New Garrett P, Nazir Arif, Logan Penny, Kistler Christine E
Gillings School of Global Public Health, University of North Carolina, Chapel Hill, NC 27599, USA.
SHC Medical Partners, 12201 Bluegrass Pkwy, Louisville, KY 40299, USA.
Antibiotics (Basel). 2022 Sep 20;11(10):1276. doi: 10.3390/antibiotics11101276.
Urinary tract infections (UTIs) are commonly suspected in nursing home (NH) residents, commonly resulting in antimicrobial prescriptions, even when symptoms are non-specific. To improve the diagnosis and management of suspected UTIs in NH residents, we conducted a pilot test of a paper-based clinical algorithm across NHs in the southern U.S. with ten advanced practice providers (APPs). The paper-based algorithm was modified based on the clinical care needs of our APPs and included antimicrobial treatment recommendations. The APPs found the UTI antimicrobial stewardship and clinical decision support acceptable. The educational sessions and algorithm improved baseline confidence toward UTI diagnosing and treatment. The APPs thought the algorithm was useful and did not negatively impact workload. Feedback from the pilot study will be used to improve the next iteration of the algorithm as we assess its impact on prescribing outcomes.

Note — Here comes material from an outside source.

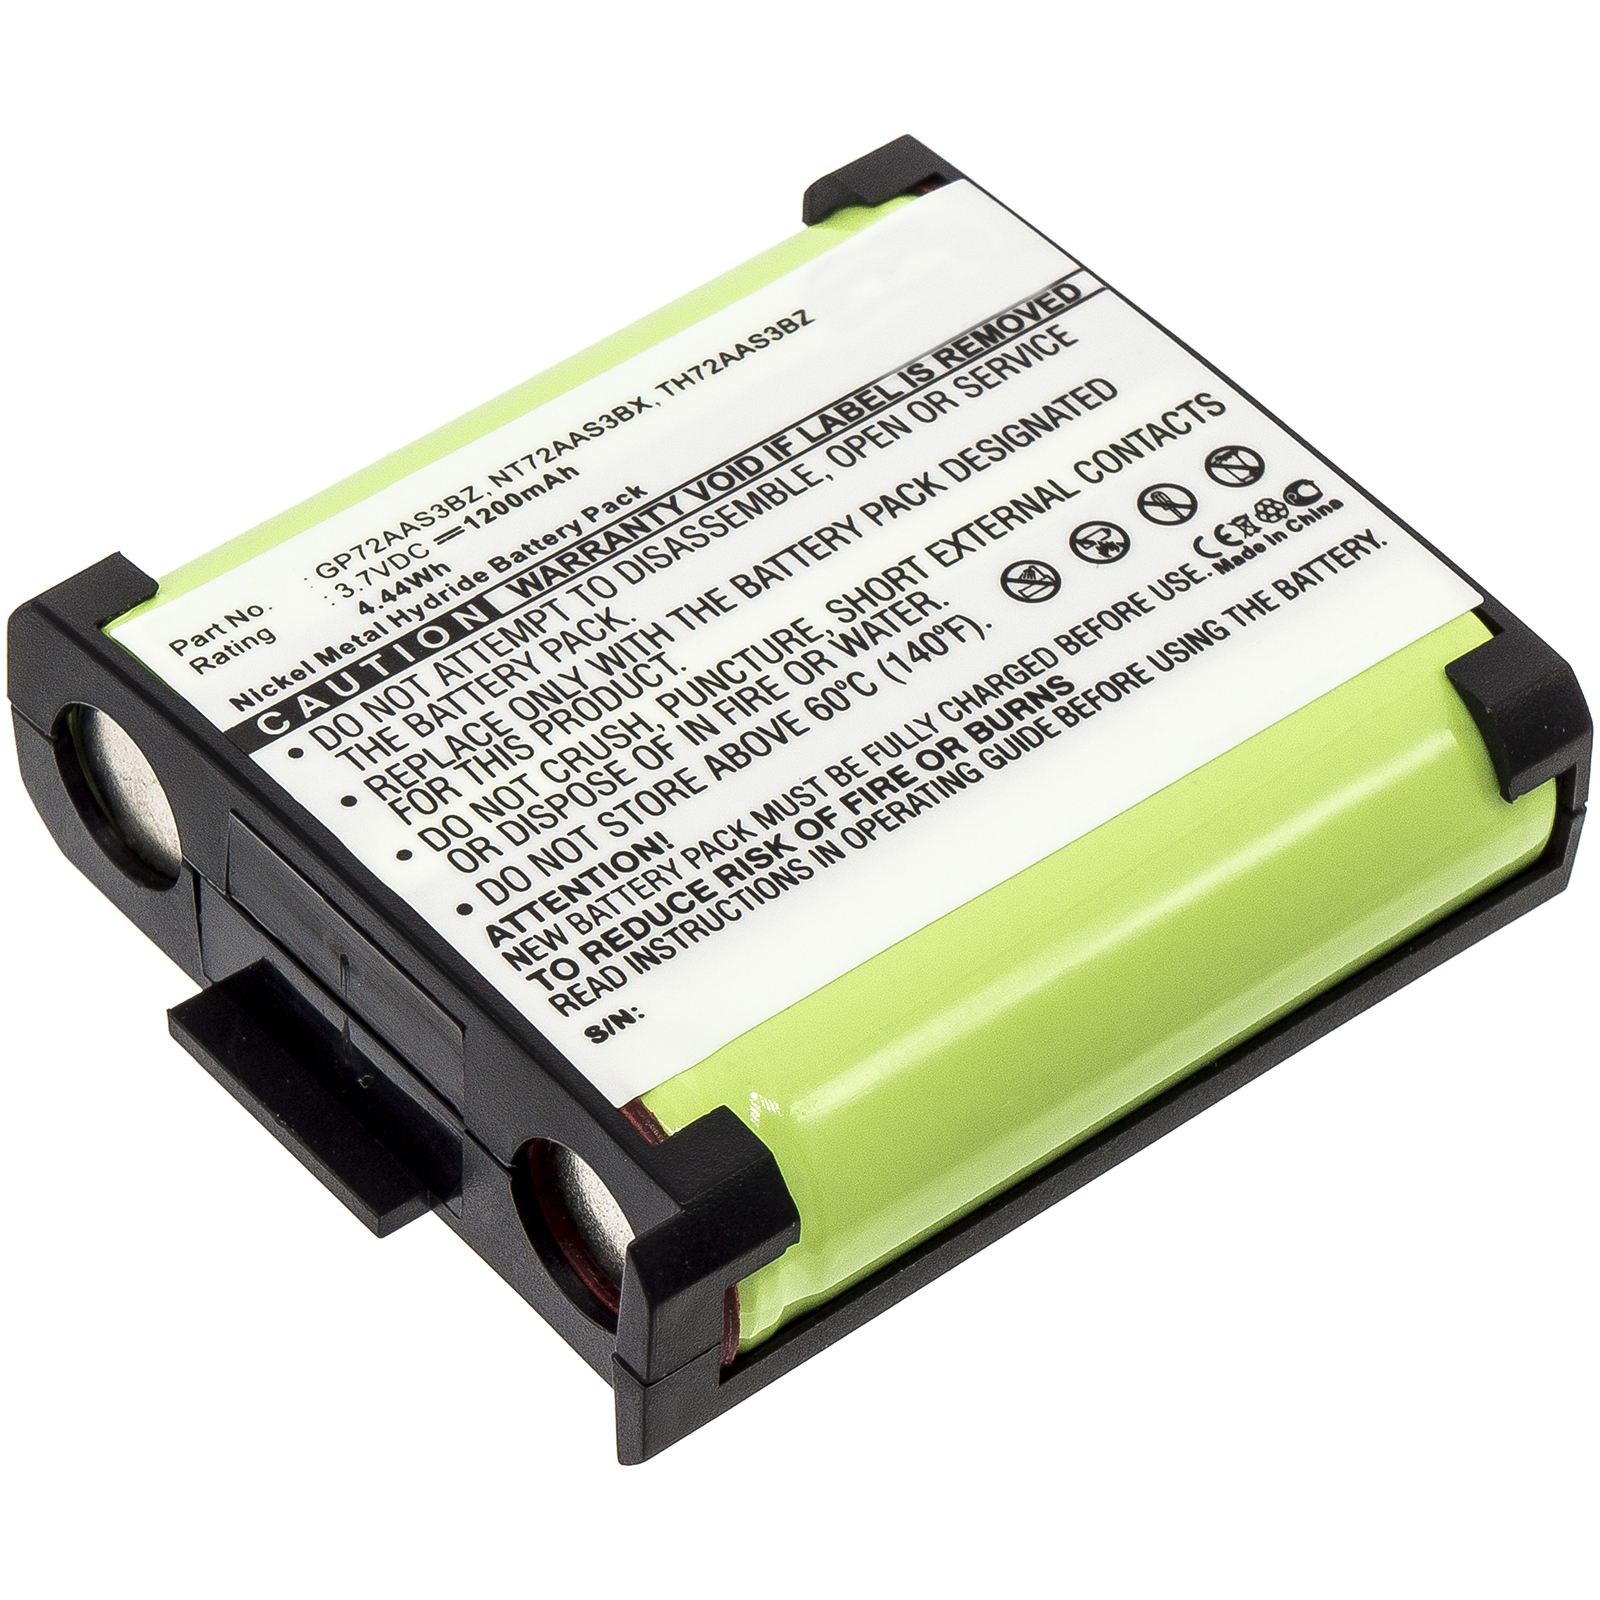 Synergy Digital Cordless Phone Battery, Compatiable with GE 2-9005, BT-38 Cordless Phone Battery (3.6V, Ni-MH, 1200mAh)

疗养院(NH)的居民常被怀疑患有尿路感染(UTI),即使症状不具特异性,这通常也会导致抗菌药物的处方开具。为改善疗养院居民疑似尿路感染的诊断和管理,我们在美国南部的多家疗养院与十位高级执业提供者(APP)对一种纸质临床算法进行了试点测试。该纸质算法根据我们的APP的临床护理需求进行了修改,并包括抗菌治疗建议。APP们认为尿路感染抗菌药物管理和临床决策支持是可以接受的。教育课程和算法提高了对尿路感染诊断和治疗的基线信心。APP们认为该算法有用,且不会对工作量产生负面影响。在我们评估其对处方结果的影响时,试点研究的反馈将用于改进该算法的下一版本。